Usually I can find a million things to write about it here. Most of the time I'm having adventures without even realizing I am until I get home and go "woah! can you believe what happened today?!" all in lower case too - shocking. Anyways, what I'm trying to say is - although I am incredibly happy with my life at the moment (seattle, boyfriend, friends, family, lifestyle, you name it), there is one little thing that is really driving me nuts - I never DO anything INTERESTING.
Things I could write about (things I've actually CONSIDERED writing about):
- How my portable closet kept collapsing and spilling my clothes everywhere and so I finally bought a new one from target and it's currently sitting in the hallway still in the box waiting for me to put it together.
- My freelance editing life.
- Being tired.
- Old People and how sometimes when they come into work and they are really sick or just really old and feeble i have a hard time (literally) not bursting into tears right there at the counter while they order their danish because what I'm looking at? Is death. Right in the face. And it really gets me.

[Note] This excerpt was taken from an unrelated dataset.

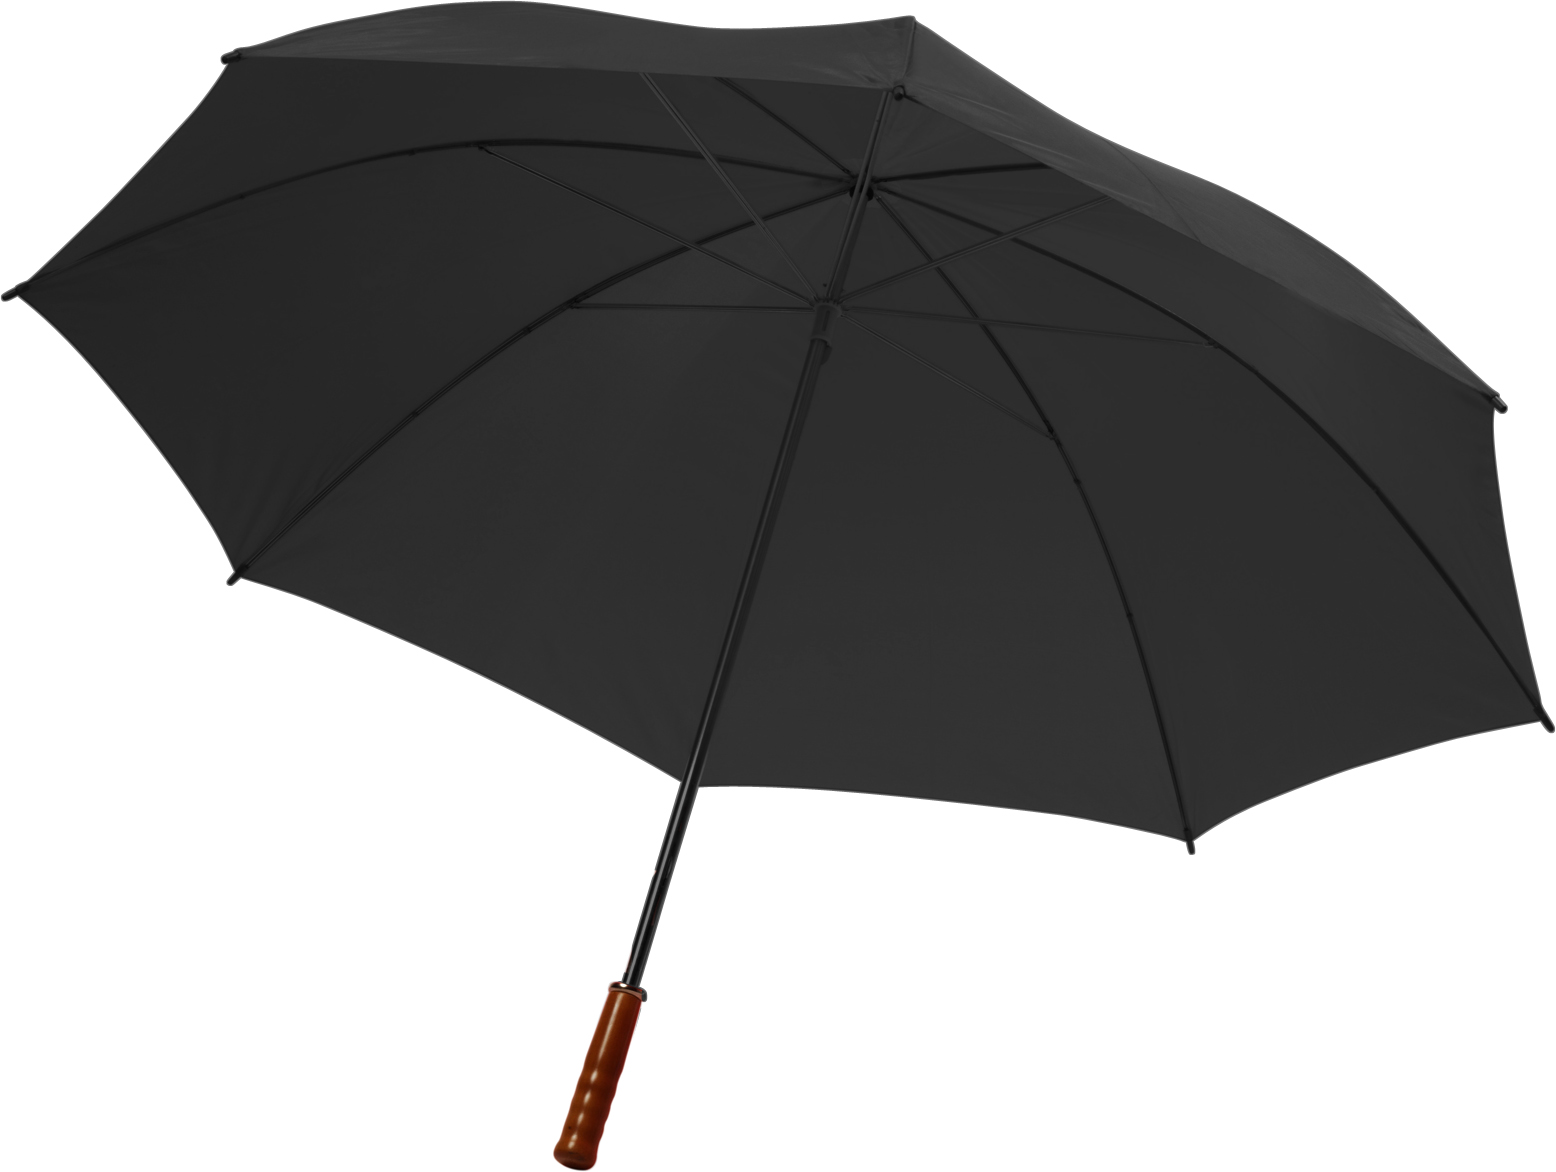 004066 001999999 3d045 ins pro01 fal - Umbrella with reflective border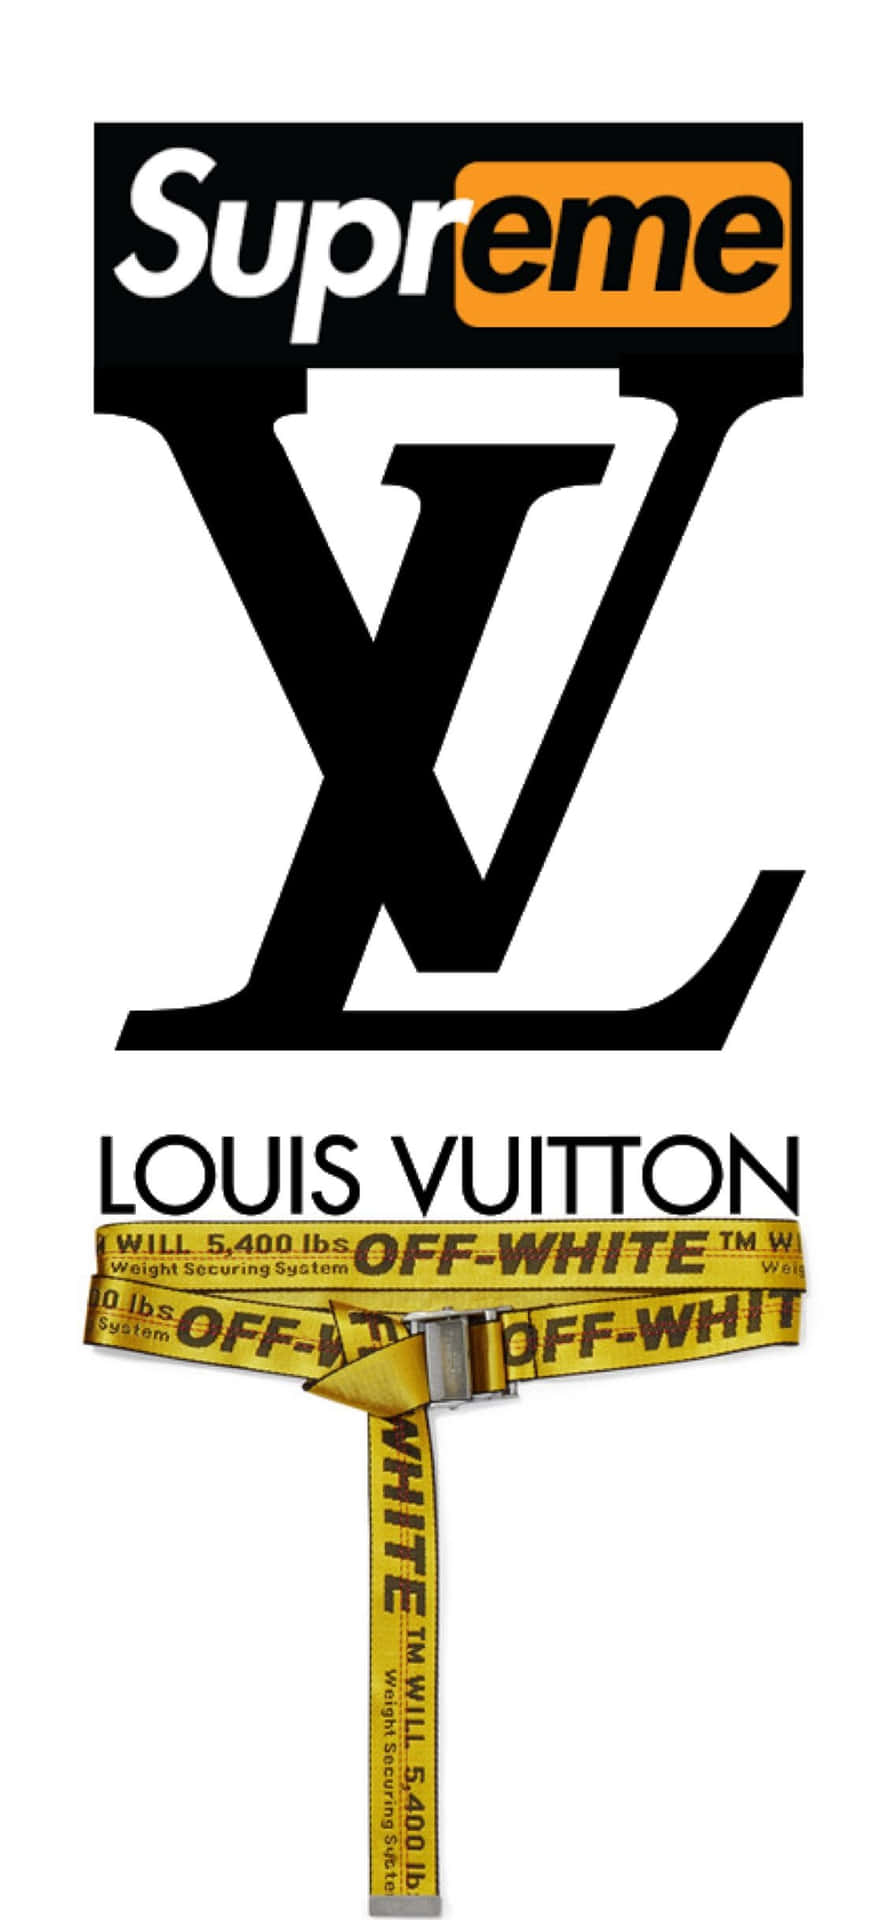 Genießensie Luxus Und Stil Mit Dem Louis Vuitton Iphone Wallpaper

I like a good routine. I like knowing when I'm going to work and when I can have my days off and when I can schedule doing laundry and going running. But what happened to the fun stuff? Everyone just sits in their routines and the best they can come up with is TV night on Wednesdays and the occasional happy hour. I thought moving back to seattle would give me a little social diversity since I know so many people and they all can't be busy and boring at the same time, right? Except they kind of are, or they just don't want to play with me. And I'm right there with them. Because what can I write about? Old People. Right.
Anyways. So generally speaking, I can usually turn any situation into something interesting to talk about. But right now, I can't. So instead I'm going to try to drum up some adventure. Somewhere. Hello? Are you out there? So that all my readers don't fall off the face of the earth and at the same time I don't bore anyone to death. New goal: Don't bore people.